Мы решили, что фабрики и мастерские Кашана переполнены тринадцатилетними подростками, и спросили:

— На фабрике все рабочие вашего возраста?

— Нет, у нас есть и «медведи», — ответил Джавад Ноушараф.

— При чем тут медведи? Разве медведи могут работать? Мальчишки молча в недоумении уставились на нас. Тут вмешался почтенный старец, который поднялся с трудом на крышу, опираясь на палку.

— «Медведями» они называют старших, — пояснил он.

Слова высокого старика с палкой привлекли наше внимание к его особе. У него обожженное солнцем смуглое лицо, сутулые плечи. Если бы время его пощадило, он, наверное, мог бы еще лет двадцать работать, а сейчас…

— Ревматизм у меня, — пожаловался старик.

Мы решили побеседовать с ним.

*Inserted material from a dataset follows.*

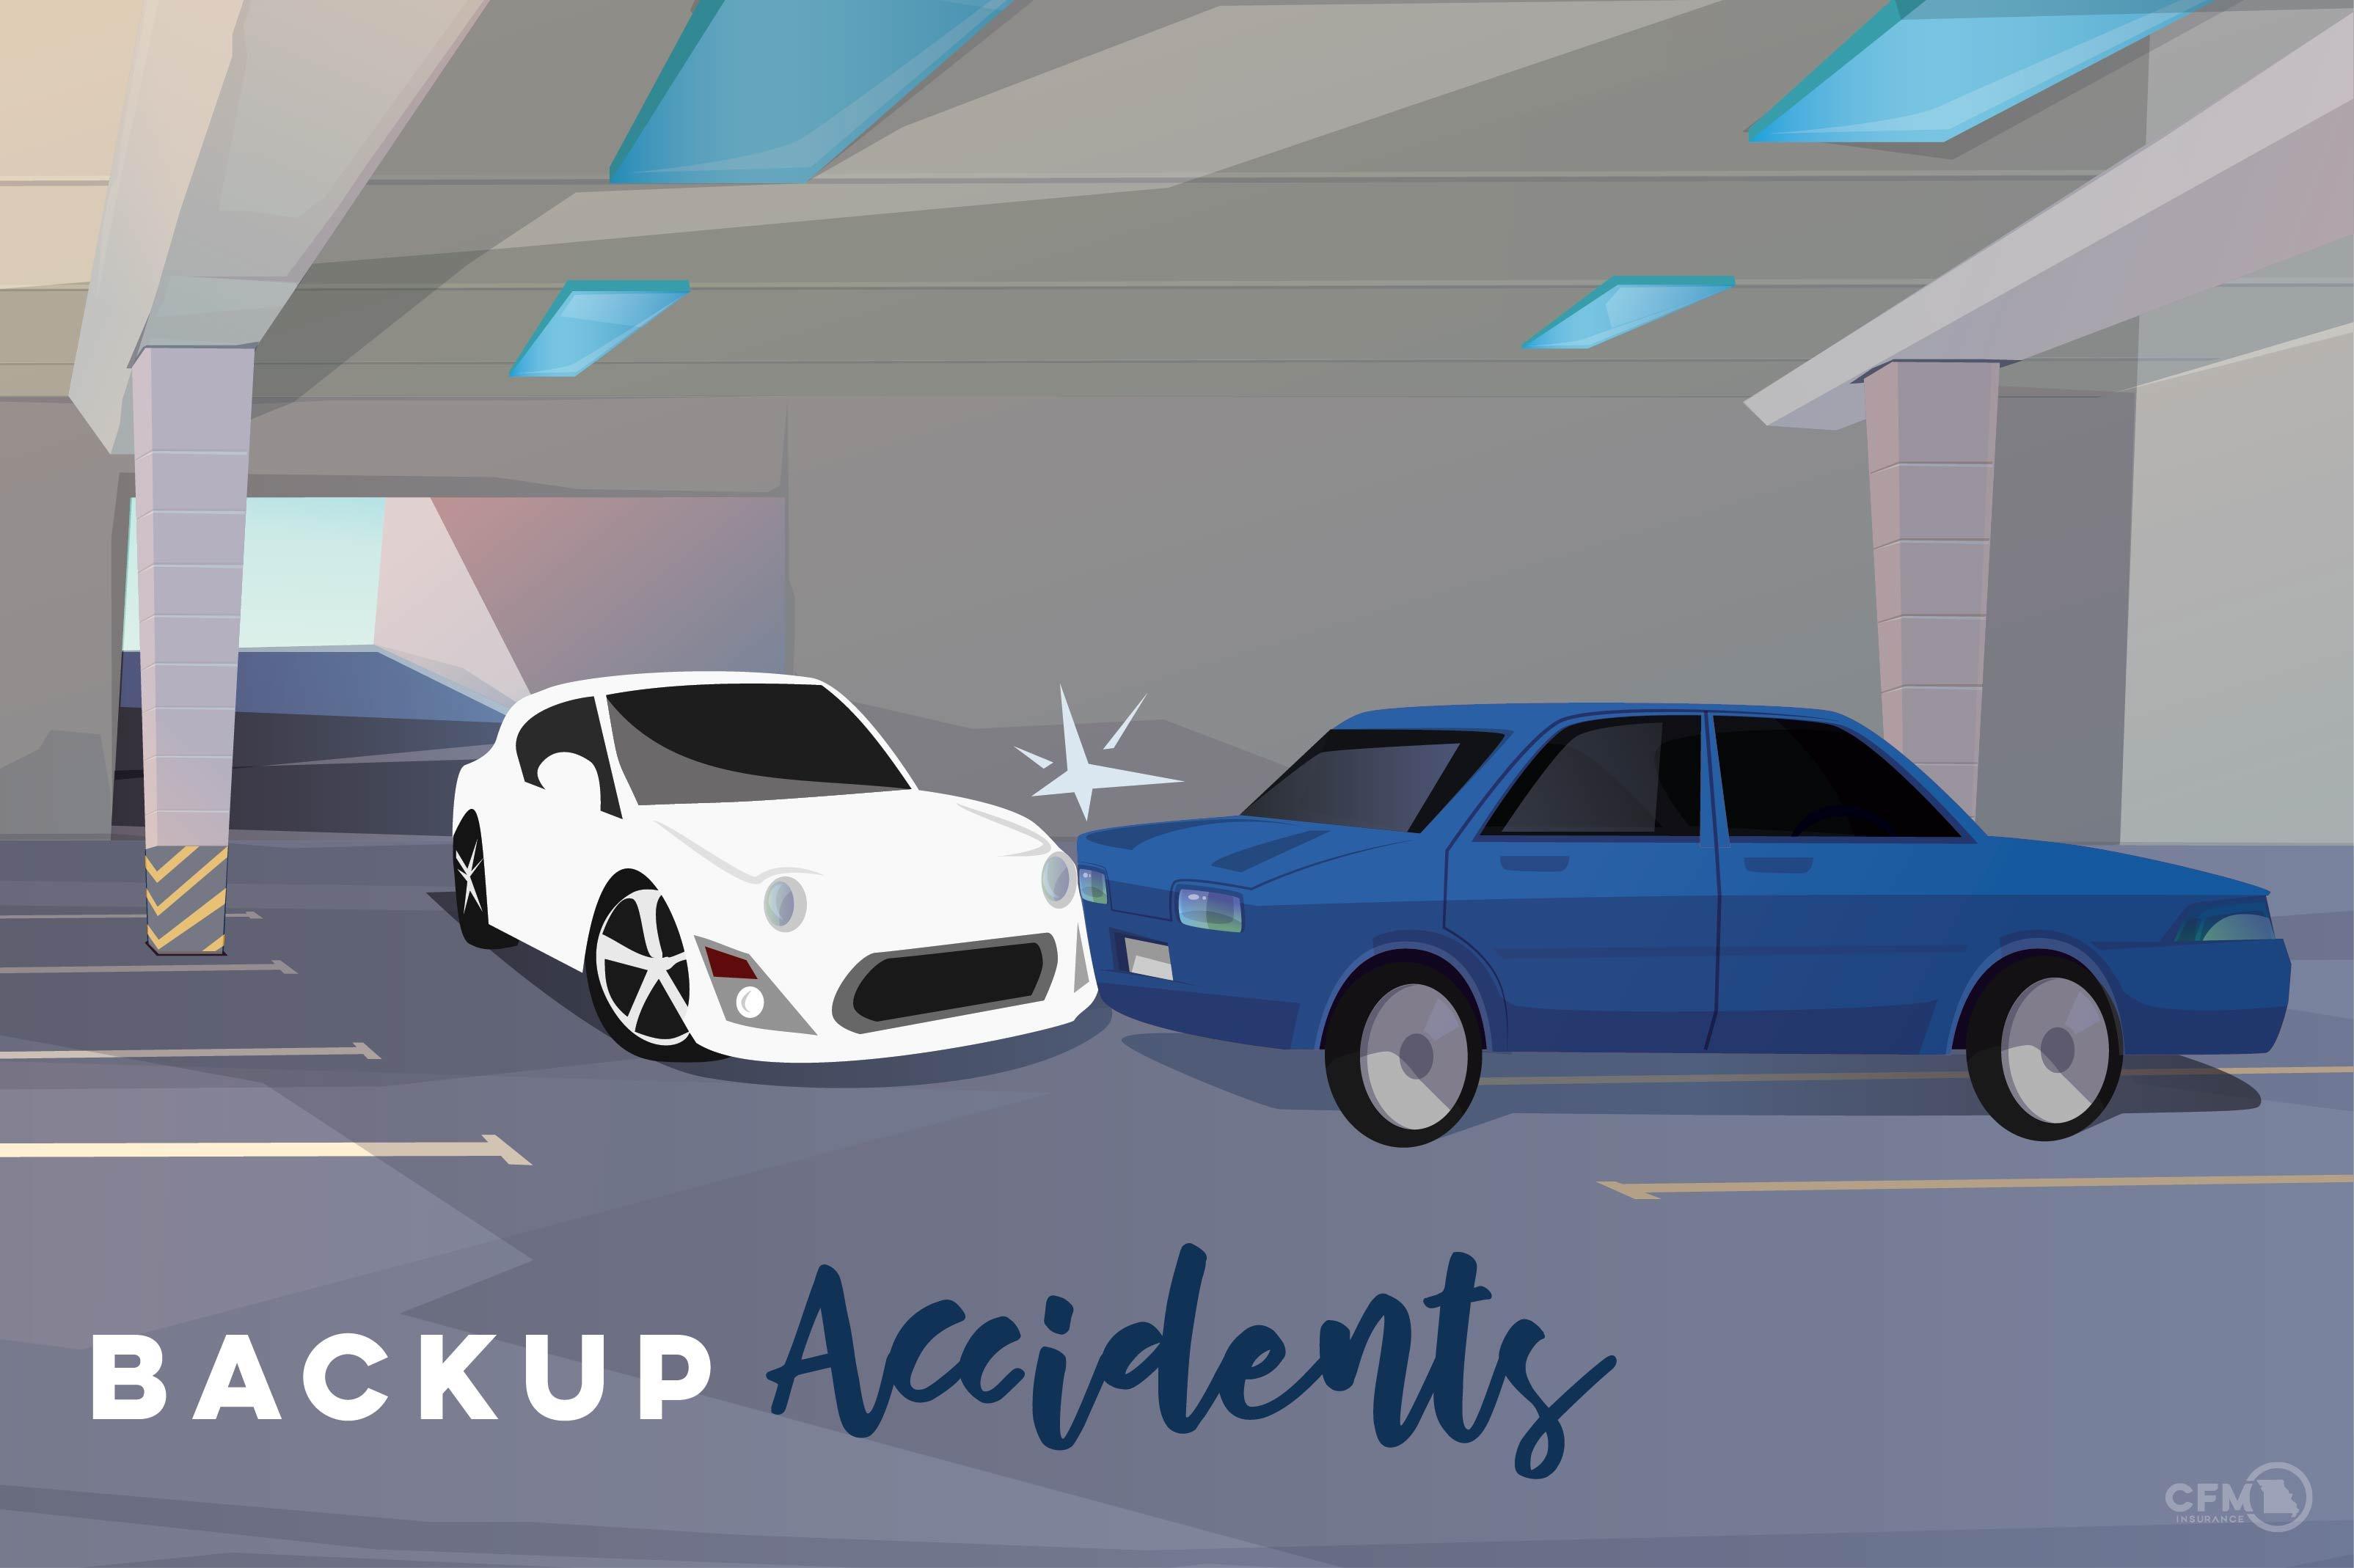 5. 4201B_Backup Accidents_Blog-01

Но на все наши вопросы он отмалчивался. По выразительной игре мускулов на его лице мы догадались о внутренней борьбе, происходящей в нем. Мы поняли, что он не хочет рассказывать о себе при болтливых и любопытных мальчишках. Наверное, он почтенный семьянин, у него дети такого же возраста, как эти сорванцы, да еще и другие рты. А говорить неправду о себе ему неловко, потому что ребятишки — его земляки и знают о нем все.

Этот старик кашанец работает, наверное, на фабрике, где ткут паласы зилу, либо выделывают бархат. Если он не рабочий, то наверняка земледелец, а болезнь вывела его из строя и оторвала от привычной сельской работы. Если ни то ни другое, то, возможно, он служил регистратором самого низкого ранга в канцелярии знаменитой кашанской фирмы по сбыту сахара, рафинада и чая и ввиду длительной болезни остался без работы. А сейчас остаток жизни проводит в переписке с министерством таможен, шахским двором и министерством юстиции. По вечерам, наверное, раскладывает копии всех своих писем, читает вслух жене и детям и восхищается стилем и почерком.

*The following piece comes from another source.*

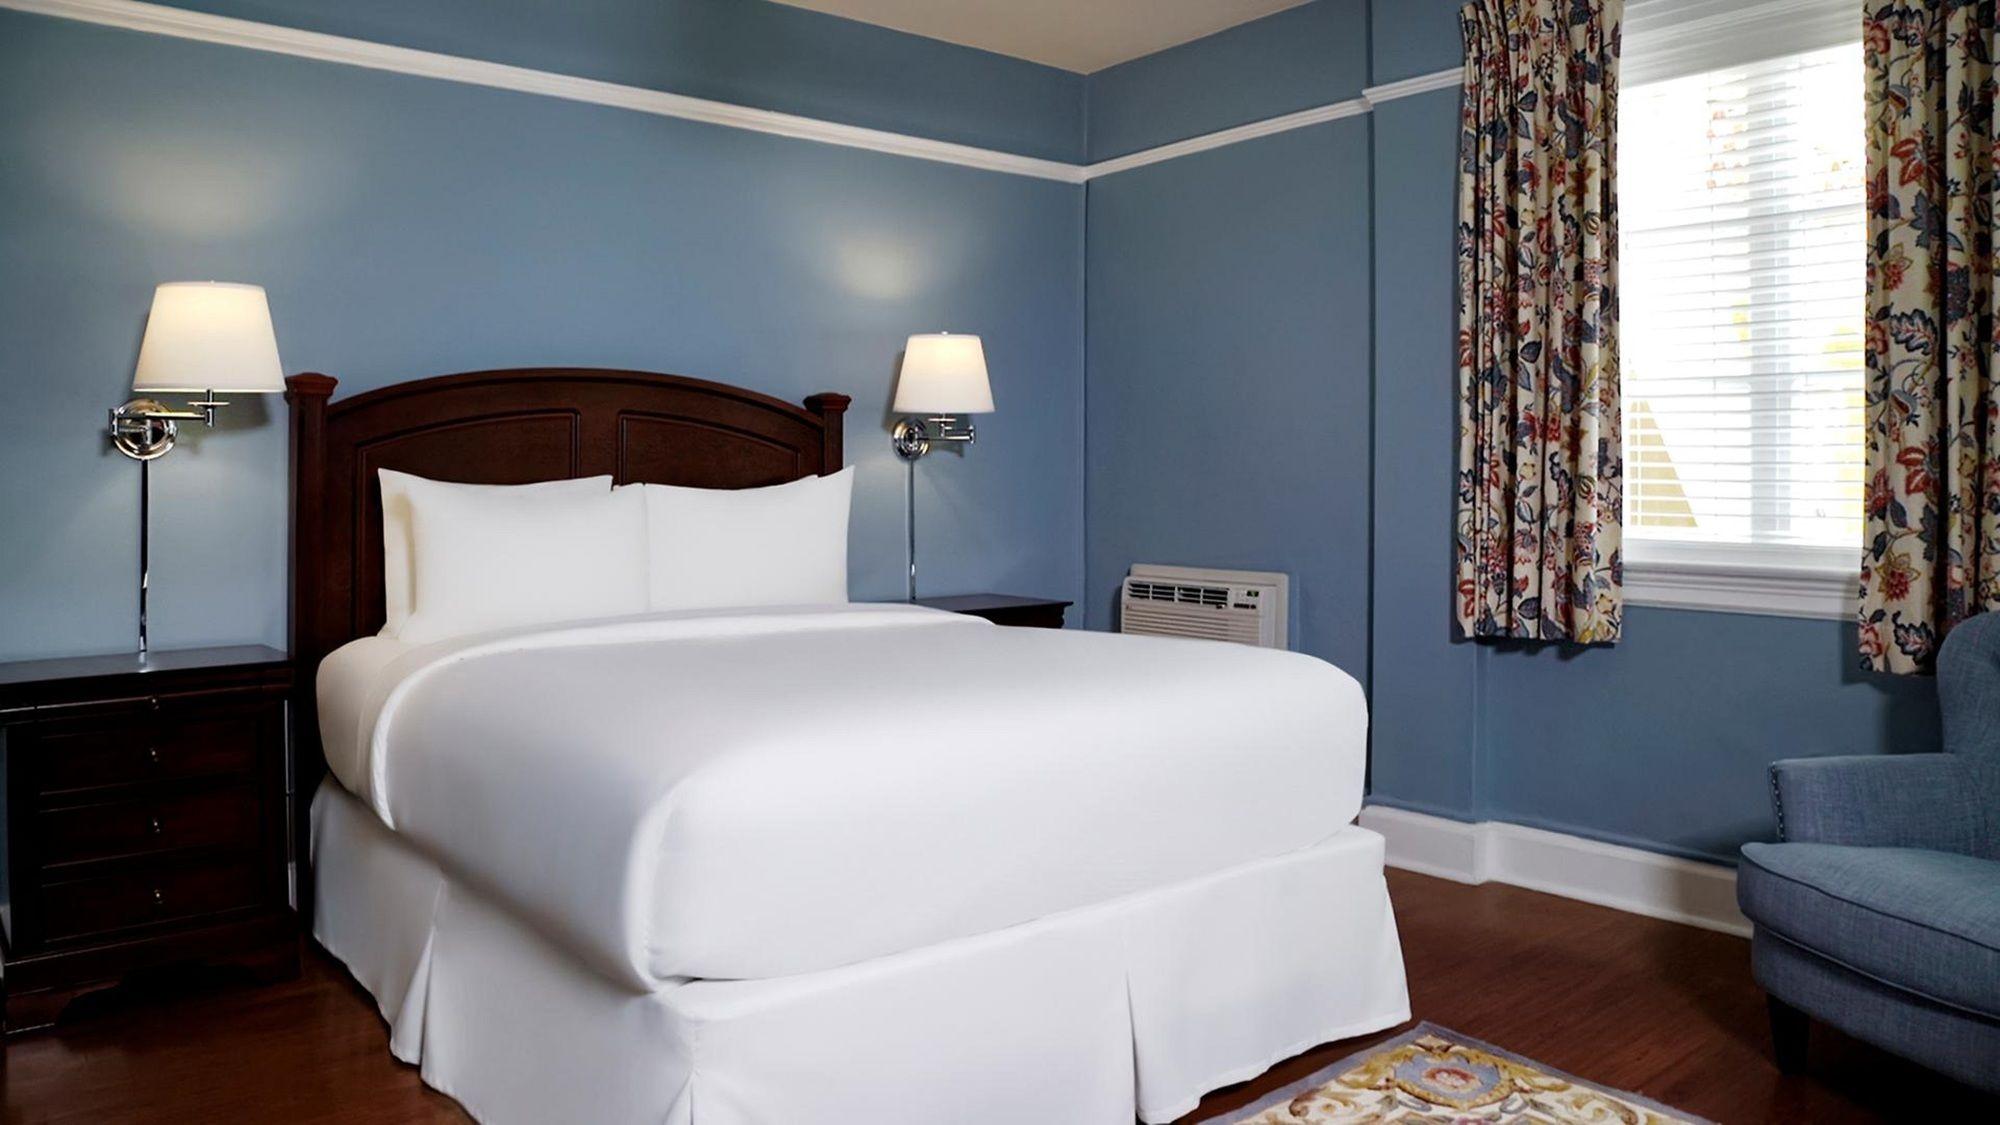 Bradley Park Hotel in Palm Beach, FL

В это время наш фотограф спустился с минарета, и ребятишки бросились к нему. Мы улучили удобный момент и спросили старика о его профессии. Он улыбнулся и очень спокойно ответил: «Я безработный, господа. Сейчас трудно с работой. Пахнёт ветерком из Тегерана, ногам и лучше. Я долго лечился. Иншаалла[51], если полегчает, снова поеду искать работу в Тегеран».

Итак, обстоятельства оказались намного проще тех, что мы предполагали. Этот человек был одним из тысячи тысяч завороженных Тегераном. В юности он покинул свое хозяйство, чтобы любым способом попасть в столицу. Долго мыкался там в поисках заработка. Наконец устроился пекарем в пекарне Сангаладжа[52]. Через несколько лет он стал главным пекарем. Дела шли в гору. Так как он был хорош собой, стал захаживать в Шахре-ноу[53], завел себе рьяных любовниц и долго пользовался их расположением, играя на ревности. Постепенно забывались дела, пекарня отступила на второй план, и вот он за бортом. Ему отказывают от места. Но годы стояния на ногах возле раскаленных угольев, на которых пеклось тесто, сморщили его лицо и загубили ноги. Исчезла привлекательность молодости, появилась старческая сутулость, как-то незаметно исчезли и поклонницы.

вернуться

51

Иншаалла — «Если будет угодно аллаху» (араб.).

вернуться

52

Сангаладж — один из заброшенных и загрязненных районов Тегерана.

вернуться

53

Шахре-ноу — квартал в Тегеране, где расположены публичные дома.